The table above shows all the data points (features) we will use in clustering. Scroll right to look at the types of features we're using in the clustering project. 

    -There are 503 features (the number of columns)
    -There are 788 stores in this sample dataset although we're just showing the first 5 stores in the file (rows)

The numbers showing are already prepared for data science use. These are the index of the column for the store compared to all the other stores. They are normalized in a 0-1 view so we can compare across features. a 1 means that the feature is the top index for that feature for that store.

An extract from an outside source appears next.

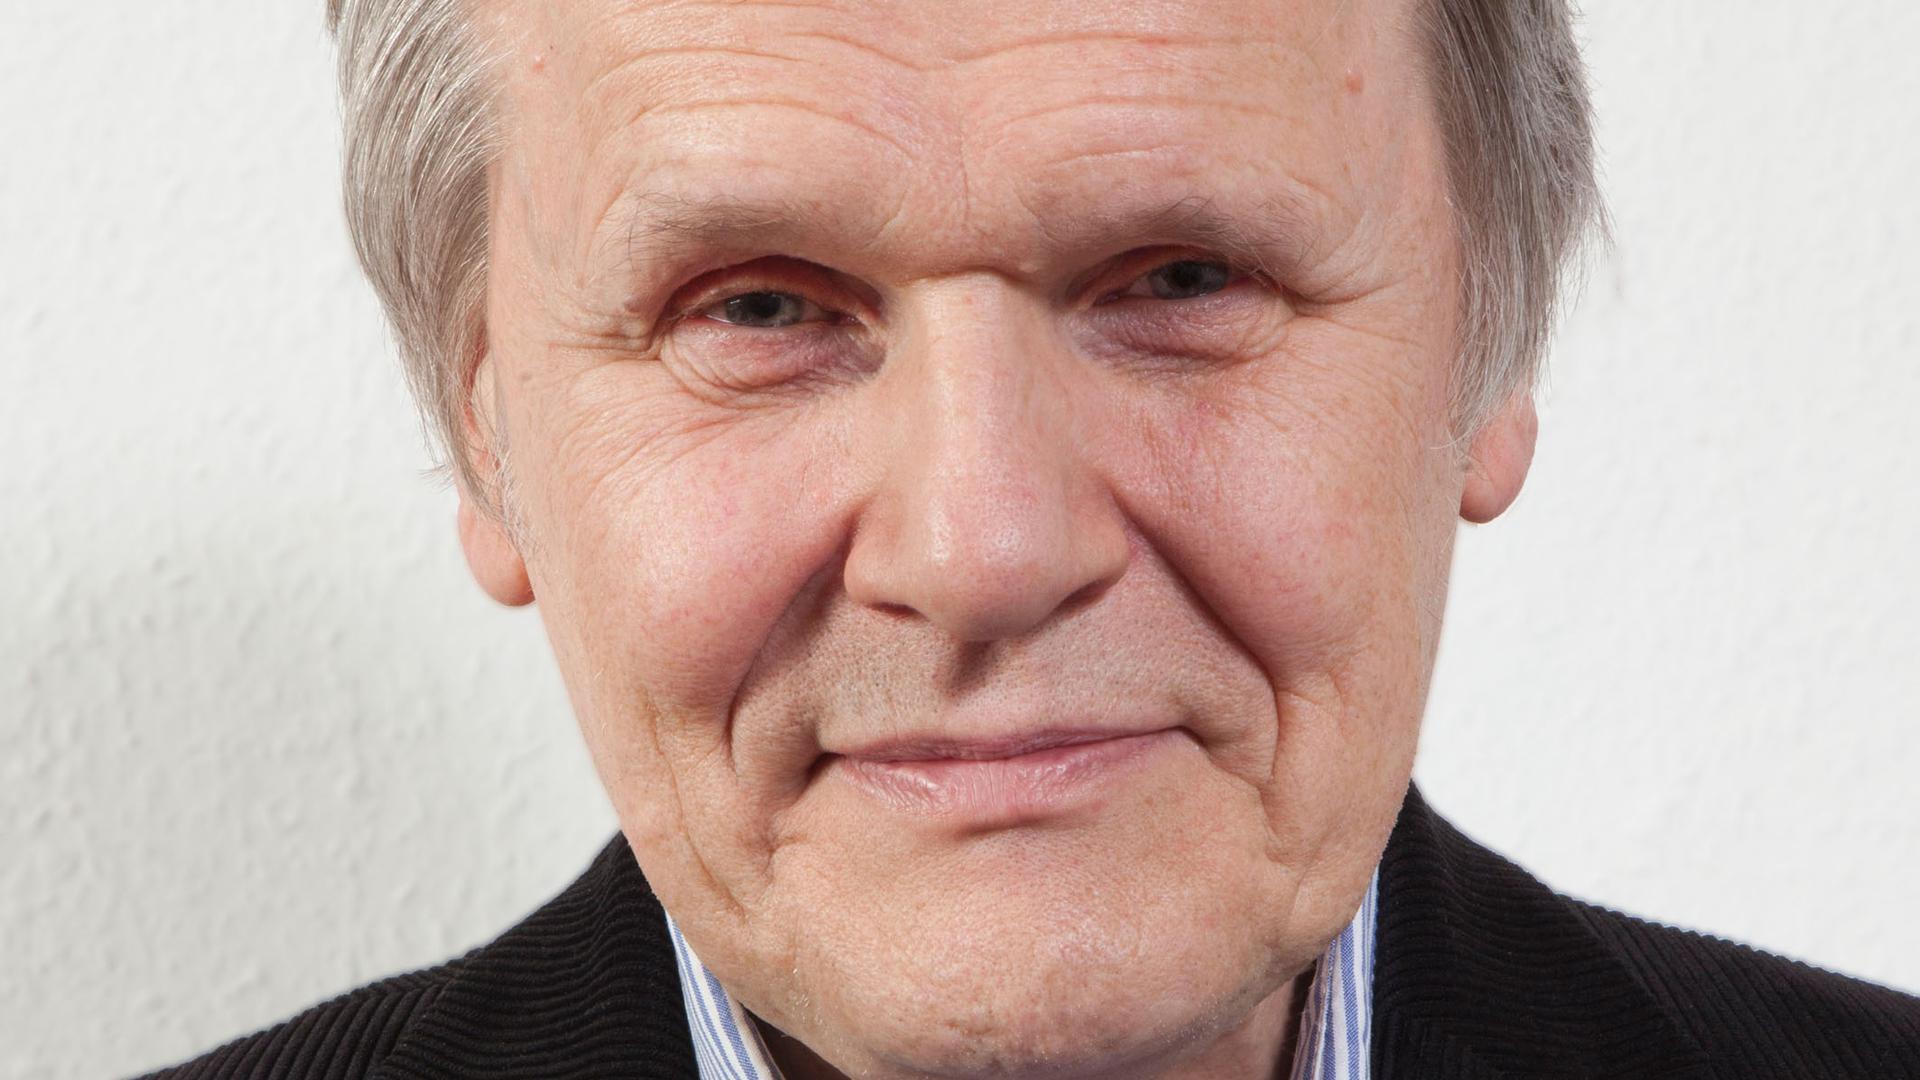 Der Berliner Psychologe Dr. Wolfgang Krüger befasst sich mit Formen der Freundschaft.

# <span style="color:blue">2. How many clusters do you think we should use?</span>


The biggest question is how many clusters we should use. One way we use to find the optimal number of clusters is to use an elbow plot. If the plot looks like an arm, then the elbow on the arm is optimal number of clusters. A vertical line will be drawn for the optimal statistical count of clusters 



In [None]:
#how many clusters do you want to see on the list?
max_clusters=10

X = np.array(df_data)
scaler = StandardScaler()
X_scaled = scaler.fit_transform(X)

visualizer = KElbowVisualizer(KMeans(), k=(1,max_clusters), size=(900,600))
visualizer.fit(X_scaled) # Fit the data to the visualizer
visualizer.show()  

---

# Run Clustering

The code below will run the actual clustering for 2, 4, 7,and 10 cluster groups. Use the graph above to help determine what is the optimal number of clusters.

In [None]:
#Creating 4 different clustering views
model_2 = KMeans(n_clusters = 2, init = "k-means++", max_iter = 300, n_init = 10, random_state = 0)
model_4 = KMeans(n_clusters = 4, init = "k-means++", max_iter = 300, n_init = 10, random_state = 0)
model_7 = KMeans(n_clusters = 7, init = "k-means++", max_iter = 300, n_init = 10, random_state = 0)
model_10 = KMeans(n_clusters = 10, init = "k-means++", max_iter = 300, n_init = 10, random_state = 0)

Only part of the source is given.